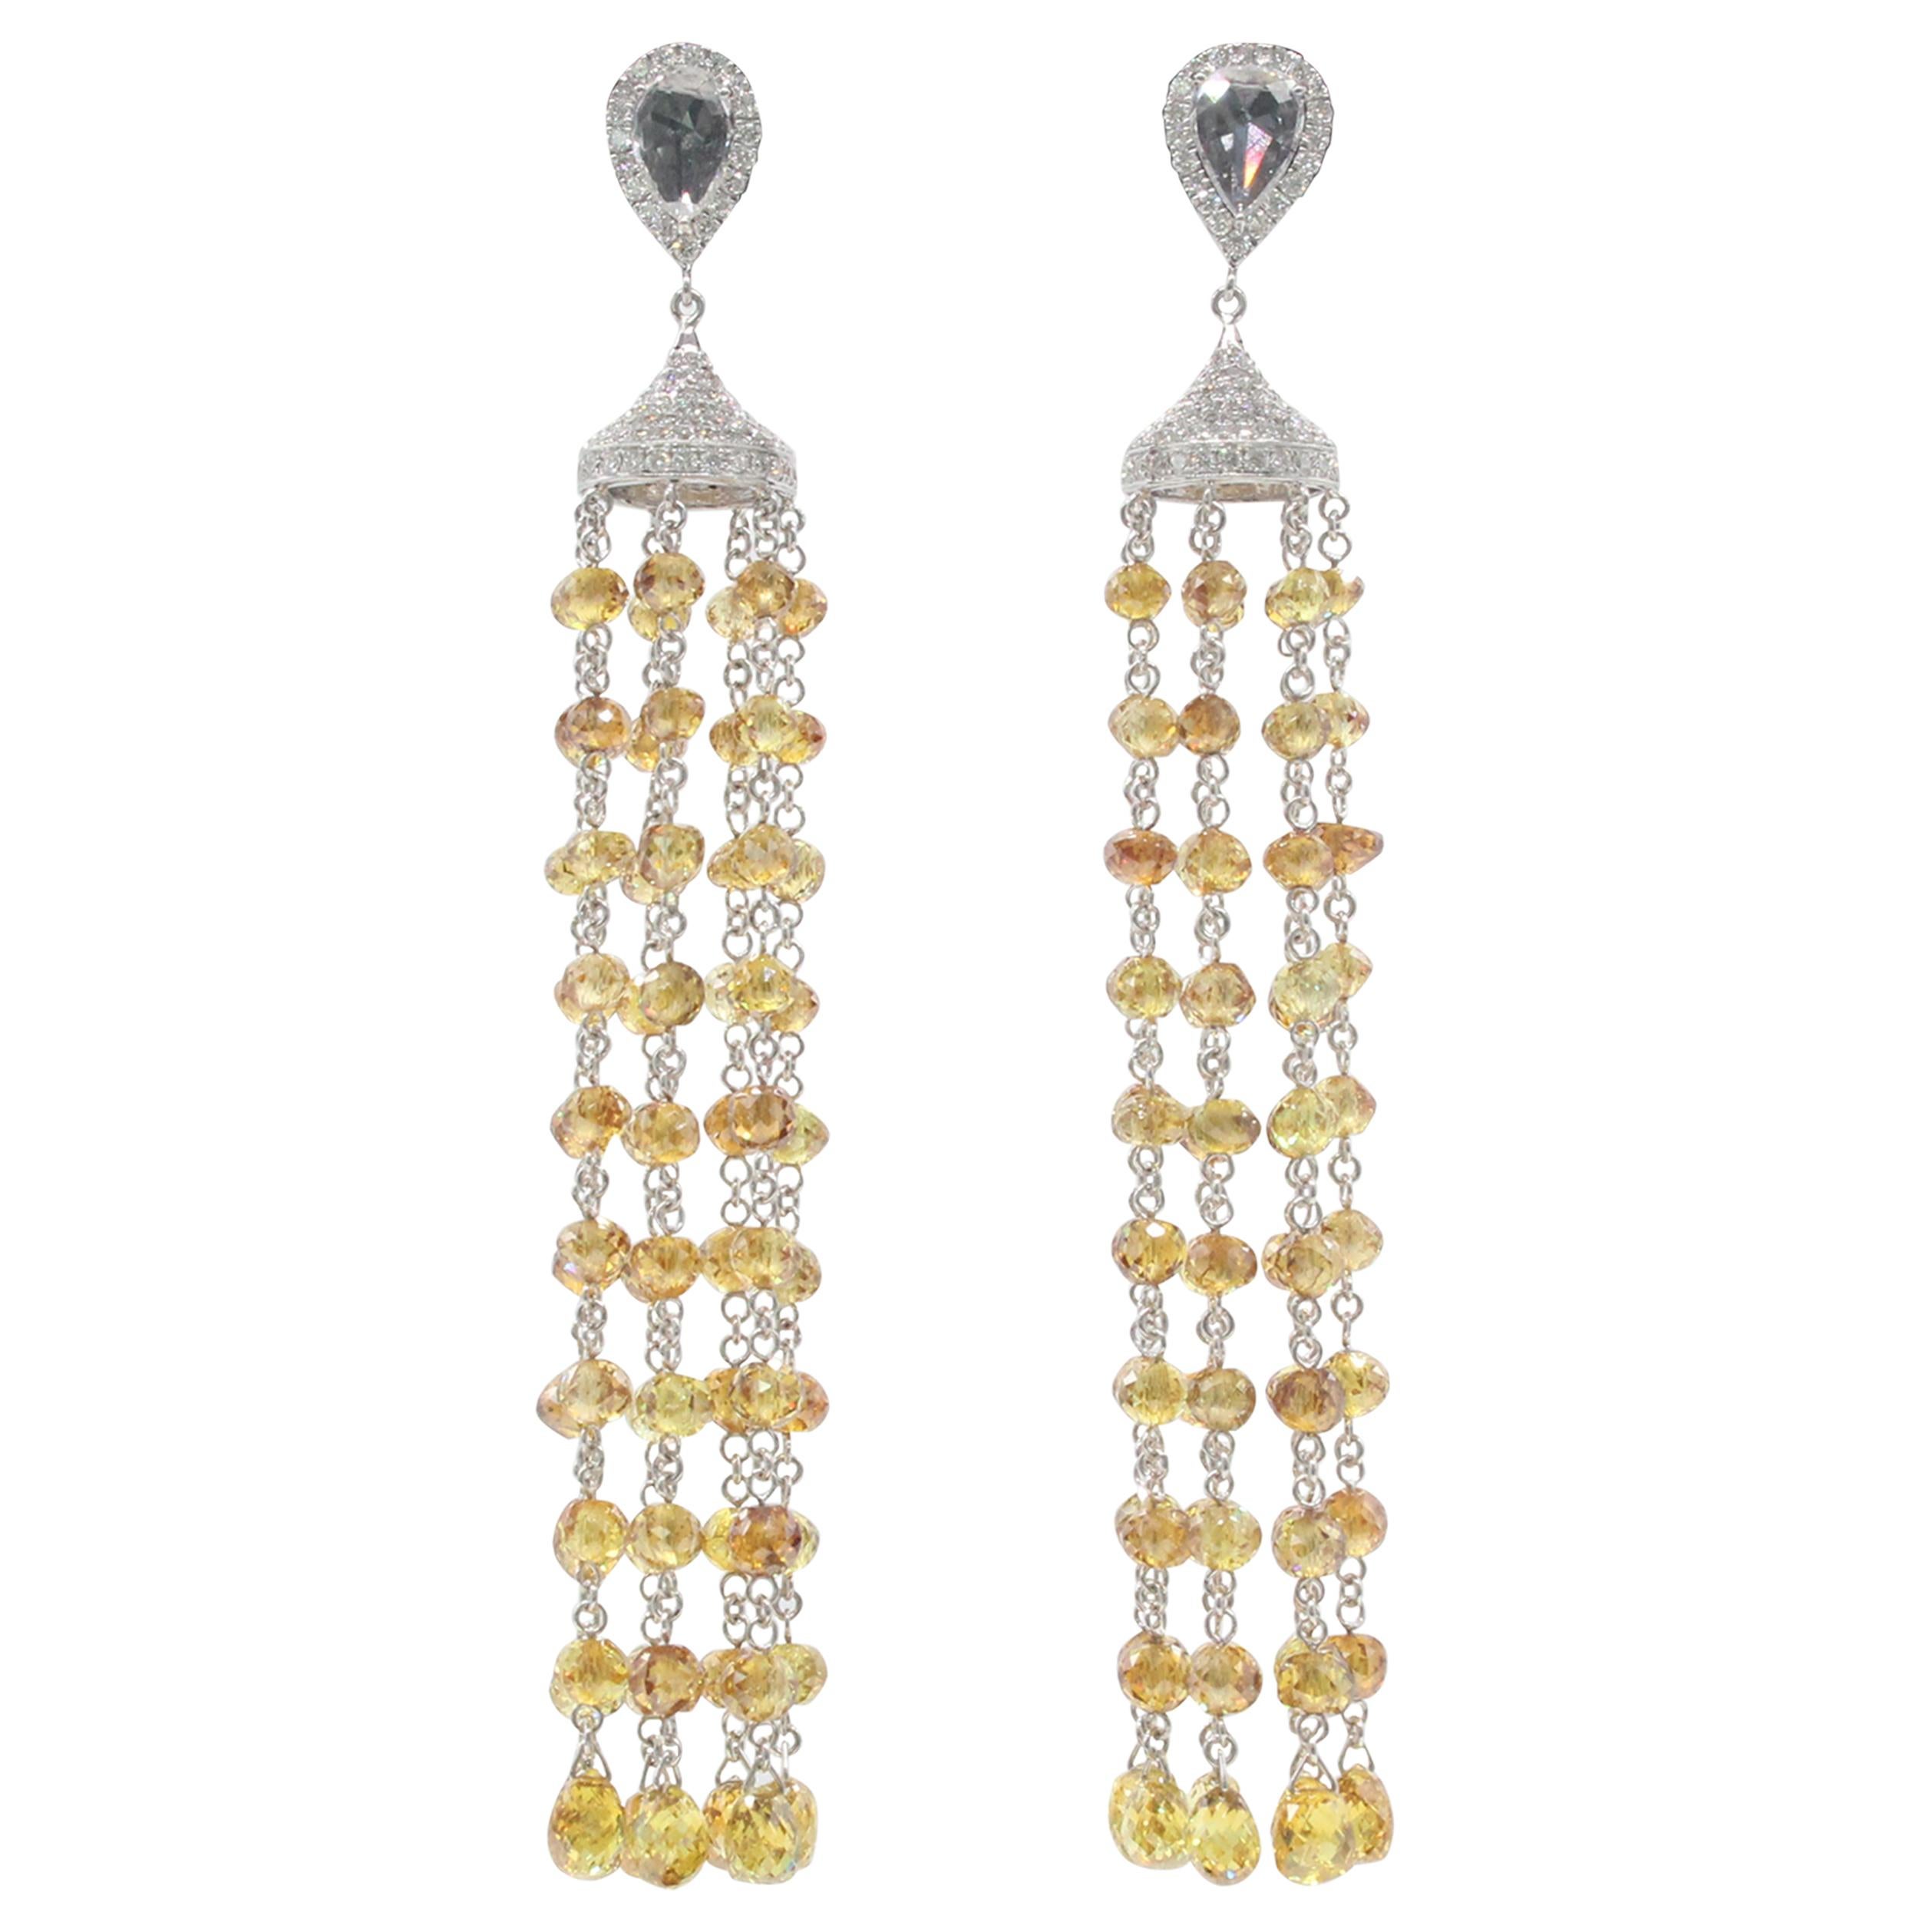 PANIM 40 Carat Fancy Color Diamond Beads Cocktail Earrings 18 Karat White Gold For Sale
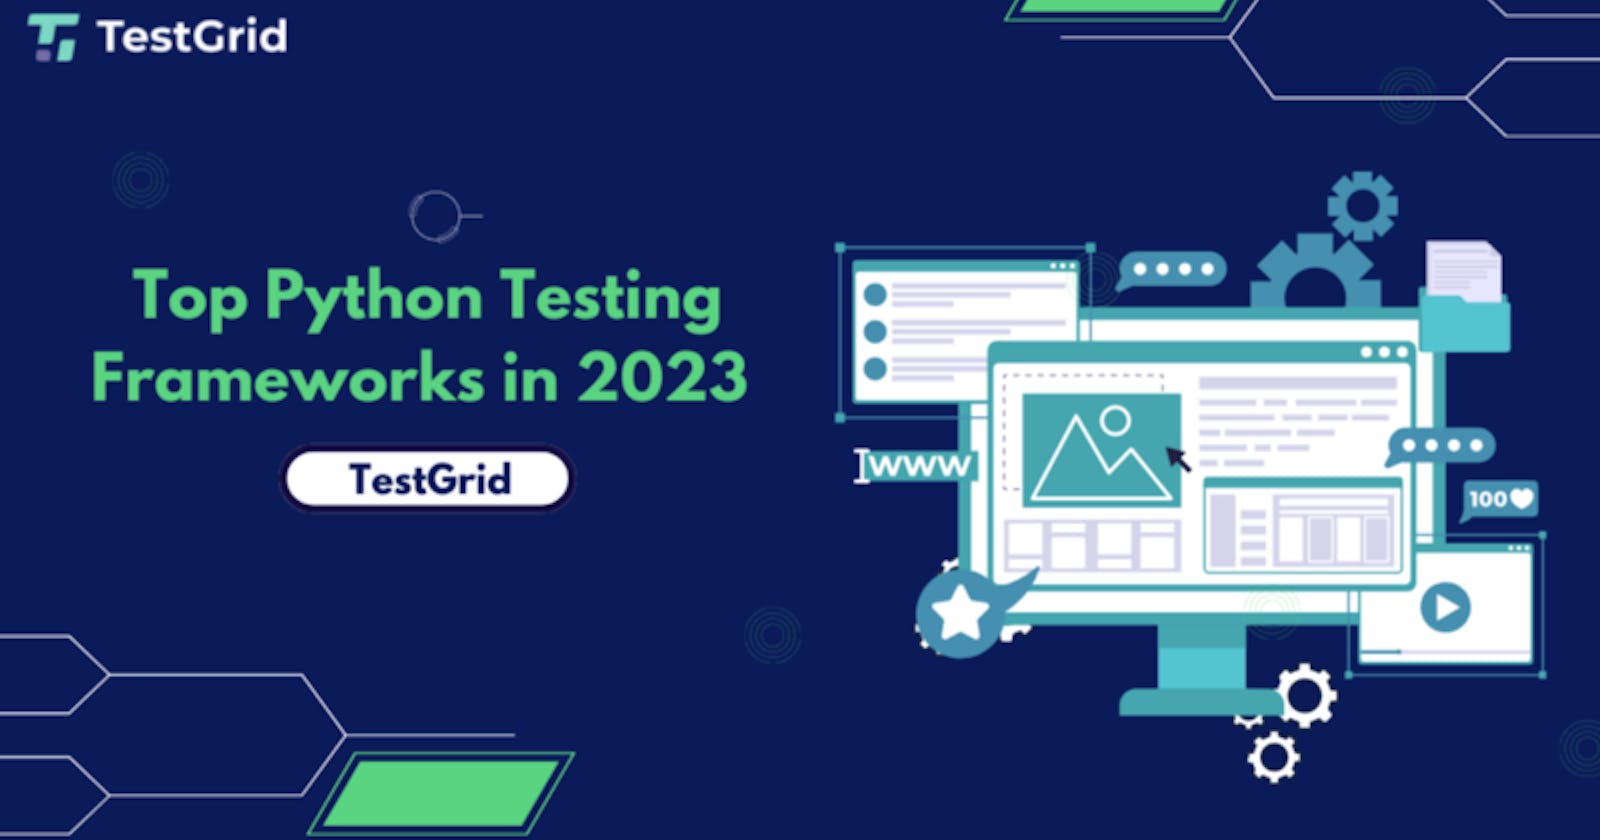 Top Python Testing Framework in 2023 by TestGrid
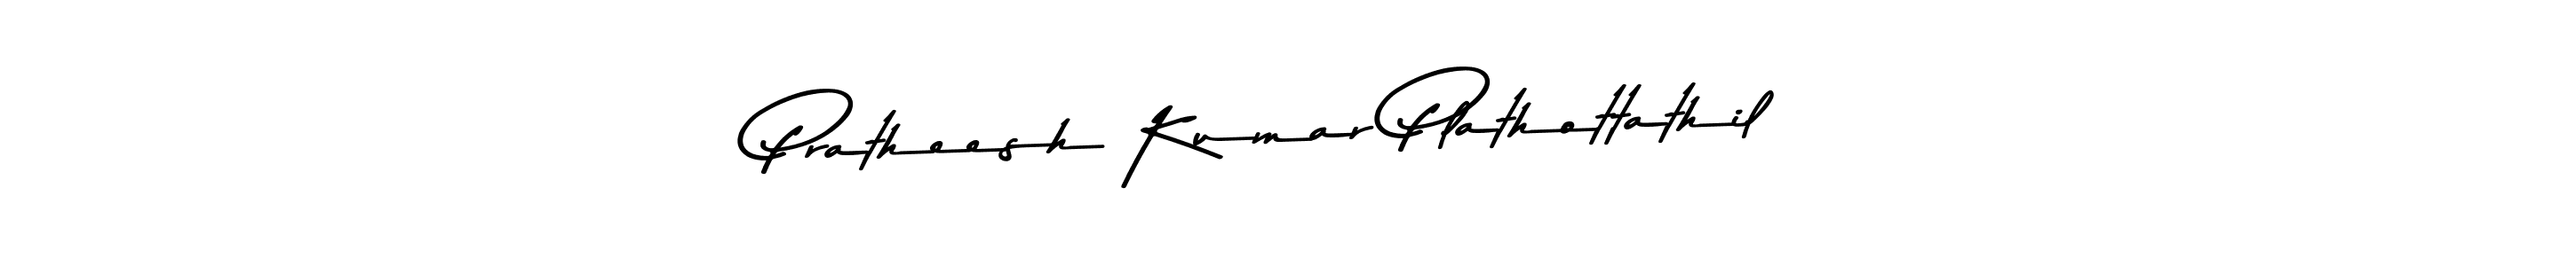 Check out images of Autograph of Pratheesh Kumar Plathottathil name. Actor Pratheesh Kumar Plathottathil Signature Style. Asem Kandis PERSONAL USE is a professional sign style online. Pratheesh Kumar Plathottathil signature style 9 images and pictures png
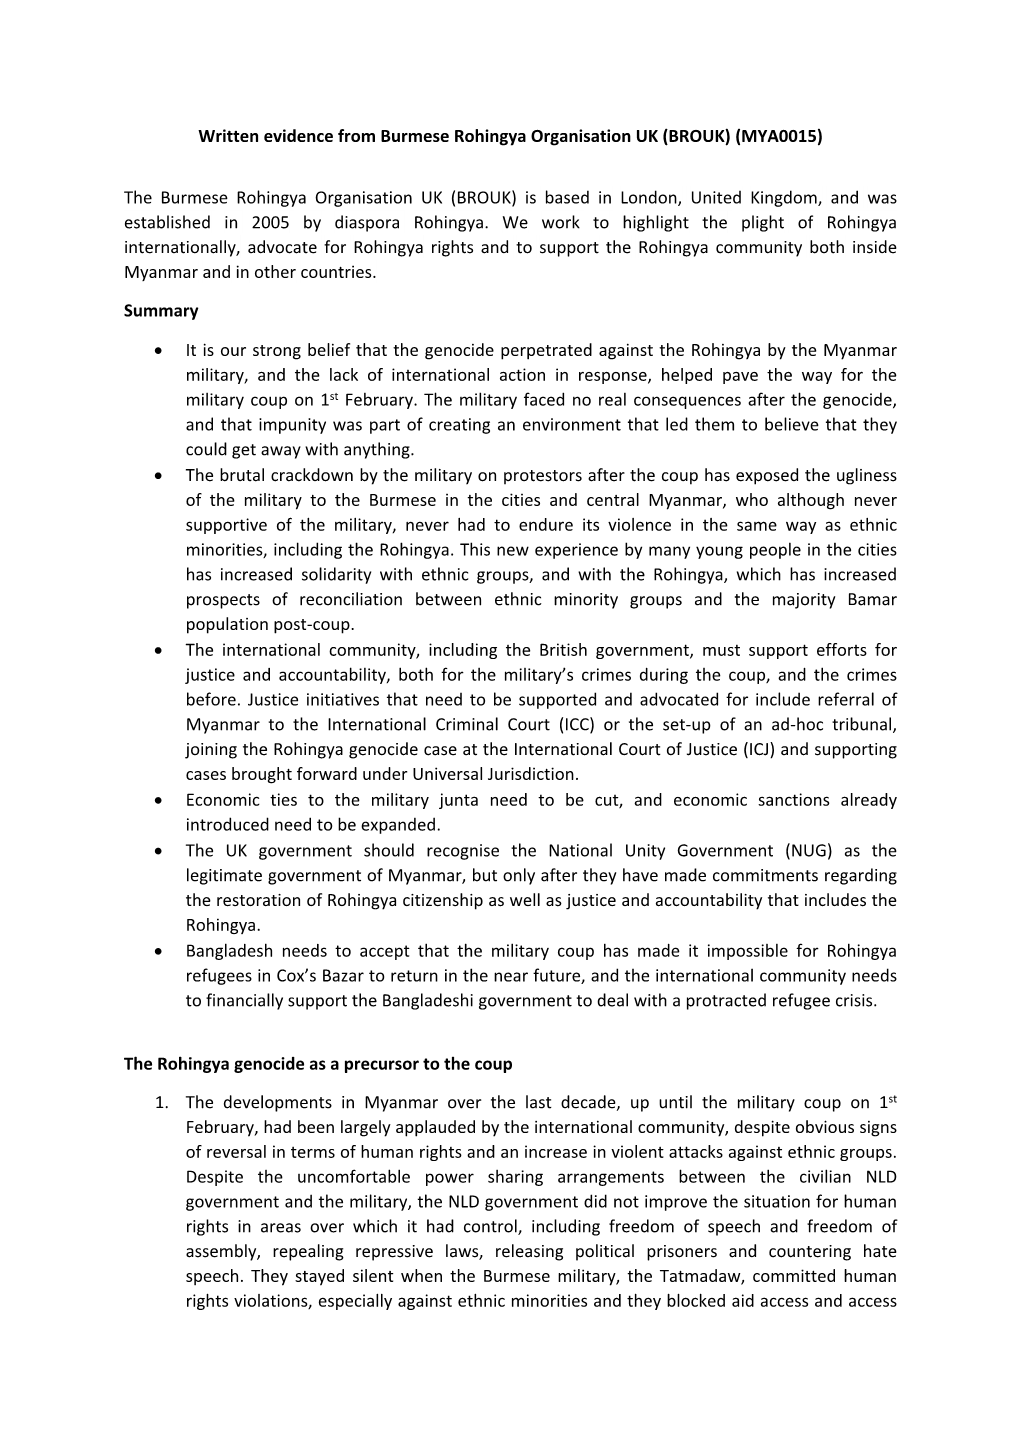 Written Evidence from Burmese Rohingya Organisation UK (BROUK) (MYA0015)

.....

Return the data word for word without its pictures.

 PANIM 40 Carat Fancy Color Diamond Beads Cocktail Earrings 18 Karat White Gold For Sale
 Top Python Testing Framework in 2023 by TestGrid
 Check out images of Autograph of Pratheesh Kumar Plathottathil name. Actor Pratheesh Kumar Plathottathil Signature Style. Asem Kandis PERSONAL USE is a professional sign style online. Pratheesh Kumar Plathottathil signature style 9 images and pictures png
 Written Evidence from Burmese Rohingya Organisation UK (BROUK) (MYA0015)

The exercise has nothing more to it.